There's an old story about the time the Lone Ranger and his faithful Indian sidekick Tonto found themselves surrounded by hundreds of hostile Indians.
"Tonto, we're in trouble," says the Lone Ranger. To which Tonto replies: "Whad'ya mean we, white man?"
That bit of whimsy came to mind the other day when Clarence Thomas asked the NAACP to help save him from hostile Indians. But after painstakingly assessing his record of dutiful service for 10 years to political interests which were "inimical" to the interests of black Americans, decided that Judge Thomas just ++ wasn't worth saving. The NAACP is urging the Senate to reject his nomination to the U.S. Supreme Court.
The dramatic political machinations of the past week called to mind an exchange I had with Mr. Thomas about six years ago, when he was head of the Equal Employment Opportunity Commission and was one of three minority people who were held in quiet contempt by the civil rights community as lackeys hired to do the dirty work of a Reagan administration.

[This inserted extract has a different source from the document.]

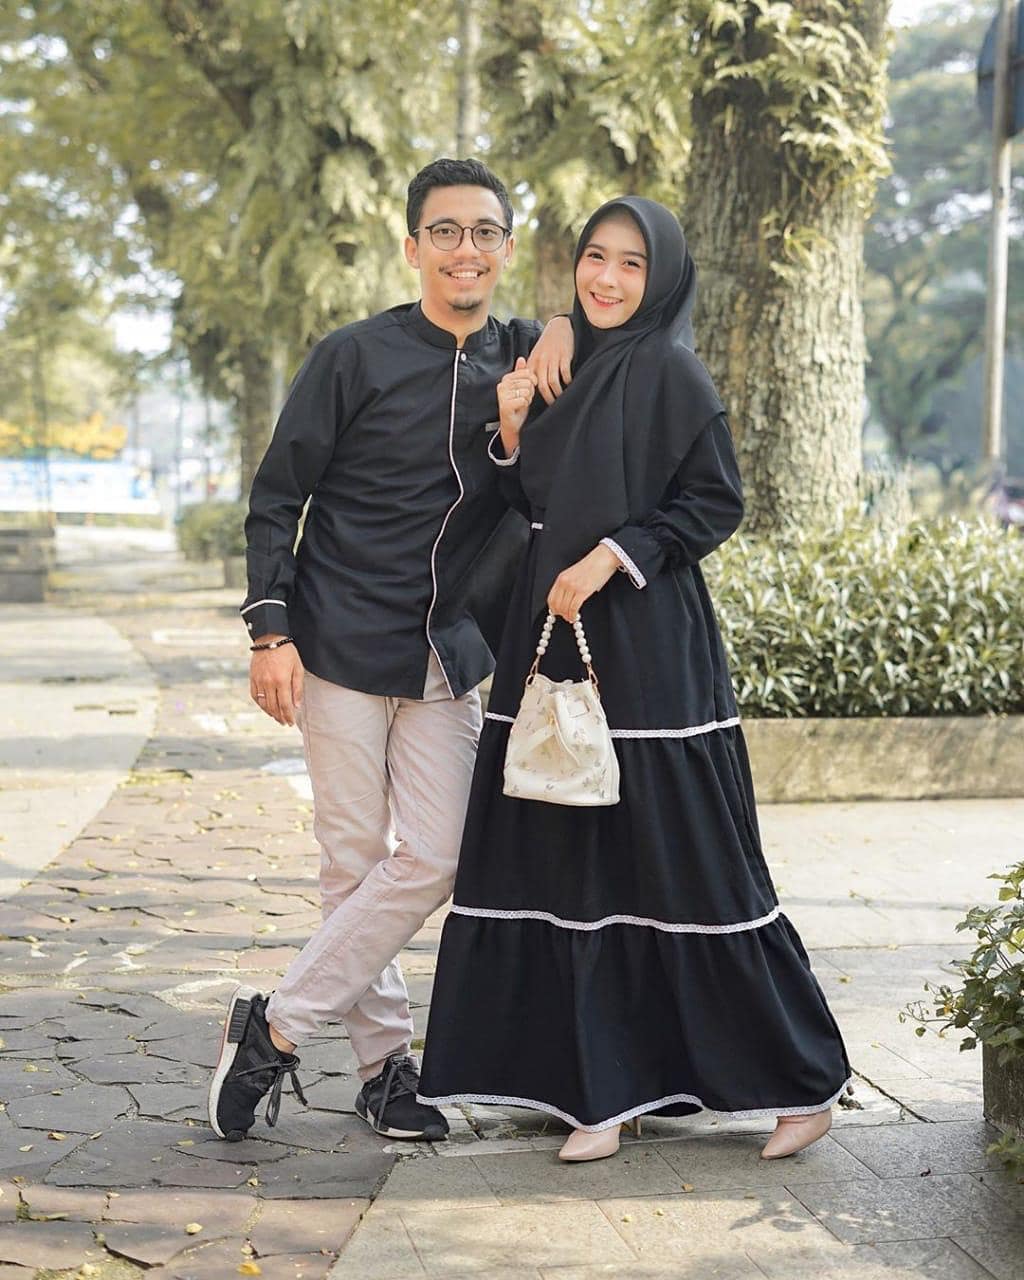 Pittara Couple Baju Couple Pasangan Baju Pasangan Muslim Baju Couple Pasangan Kondangan Baju Couple Terbaru 2020 Baju Pasangan Pacar Baju Pasangan Suami Istri Baju Wanita Baju Pria Kemeja

I was pressing Mr. Thomas about his position on affirmative action -- which he adamantly opposed although (we now know) he benefited from it. Mr. Thomas maintained that once equality of opportunity on an individual basis was assured, people then had to compete on their own merit for jobs, entry into schools, and the like. Using a metaphor of Lyndon Johnson, I asked Mr. Thomas how he could expect two runners in a race to compete fairly when one wore shackles -- the shackles of centuries of discrimination?
He suggested that my question implied not equality of opportunity but rather "reparations." He seemed to believe that courts had no business of extending "reparations." In reality this is a stunted view of the law, because the civil law since time immemorial has sought to "repair" damages and injuries whenever possible -- usually through individual cases, to be sure, but often collectively through what is know as the class action lawsuit, which is anathema to conservatives like Mr. Thomas.
I did not pursue the matter, but Mr. Thomas had a point. The problem is, "reparations" carries an ugly implication of collective guilt. It is controversial to pay "reparations" even for demonstrable injustices such as taking the land of Indians or placing Japanese-Americans in concentration camps during World War II. Moreover, even if an injustice were committed, why should those who were not direct victims benefit at the expense of other those who were not direct perpetrators?
But regardless of his view of the role of law, Mr. Thomas is certainly right that in the end the courts lack the fiscal and political resources with which to attack the social pathologies of the pervasive poverty that is the legacy of centuries of slavery, segregation and discrimination. Only Congress can command those resources, and it can do so only if it summons the political will.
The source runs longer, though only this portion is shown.